# Tyrant's Legion



## WarHammerman (Feb 19, 2012)

Hello there all you Heretics =D

I've recently looked over Imperial Armour 9, and I've gotten an urge to make a Tyrant's Legion list.


I was wondering if anyone had any experience with these kinds of lists? Any advice for making the list, or any helpful tactics - or even stories of fighting against them.

So yeah, any help would be great. 

I'm not asking you to write a list for me, Just want to get a greater breath of knowledge about them. (however, if you /want/ to post your list, I won't complain n_n)

Thank you!


----------



## MidnightSun (Feb 10, 2009)

Tyrant's Legion are painfully poor rules-wise. They don't have any good HQ choices, really, with the poor man's Company Command Squad or a Sergeant with two wounds at double the points. Elites-wise, there's the Marauder squad who are passable, but Corpse Takers and Retaliators are bad. Legion Cohorts are just Tacticals who can't use Combat Tactics, can't Combat Squad, and don't get the free Multi-Melta. The Auxilia are good screening units, but the rest of the list doesn't support them, making them a bit useless really. Armsmen Cadres are pretty good, Imperial Guardsmen aren't a bad unit. Chimera is good because of the turret-mounted Autocannon, but again a lack of support makes it just 'good', not 'amazing'. Only Fast Attack worth taking are Hellhounds, which are good tanks but again, Tyrant's Legion doesn't really let them work too well. Heavy Support has a couple of good choices, i.e. the Battle Tank squadron, Maelstrom Fleet Detachment and the Heavy Ordnance Battery are good, most of the other stuff is poor to awful. 

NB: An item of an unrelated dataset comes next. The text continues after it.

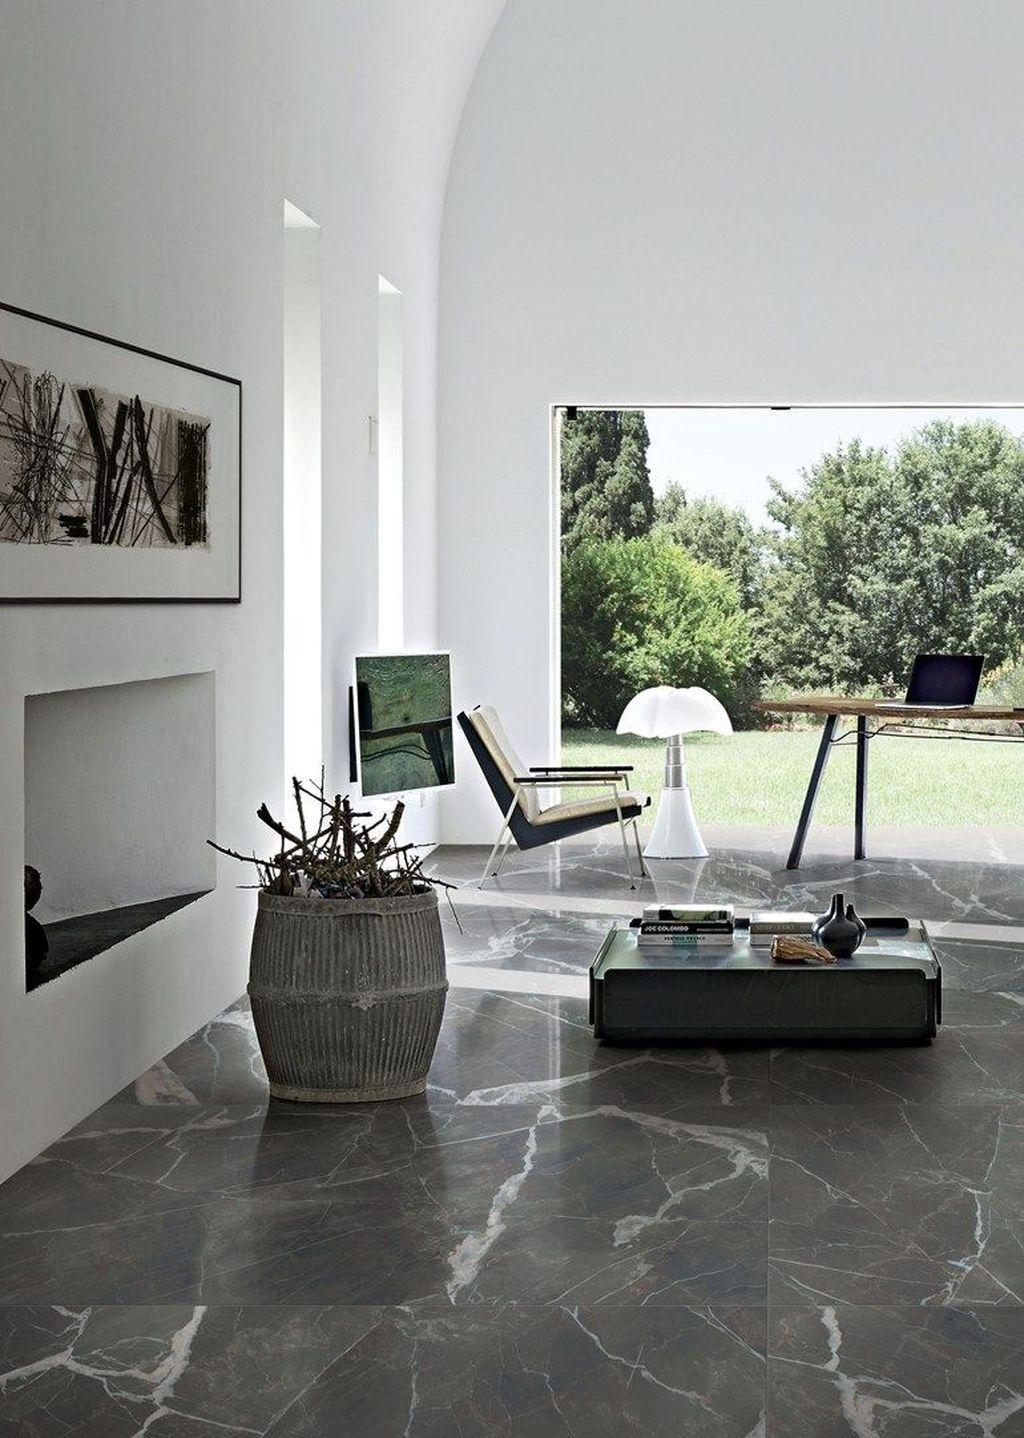 30 Luxurious Living Room Design Ideas With Floor Granite Tile | Marble  living room floor, Living room tiles, Tile floor living room

The main problem with the list is an inability to get decent ranged anti-tank - you're using suicidal melta units or massed Autocannons and Multi-Lasers.

Full summary (not mine) can be found here.

Midnight


----------



## Azrell (Jul 16, 2010)

I wouldn't put too much stock into that review, iv used the tyrants legion to good success you just have to think of them as IG with power armor as elites. They play like Guard with some extra marine units kicking around.


----------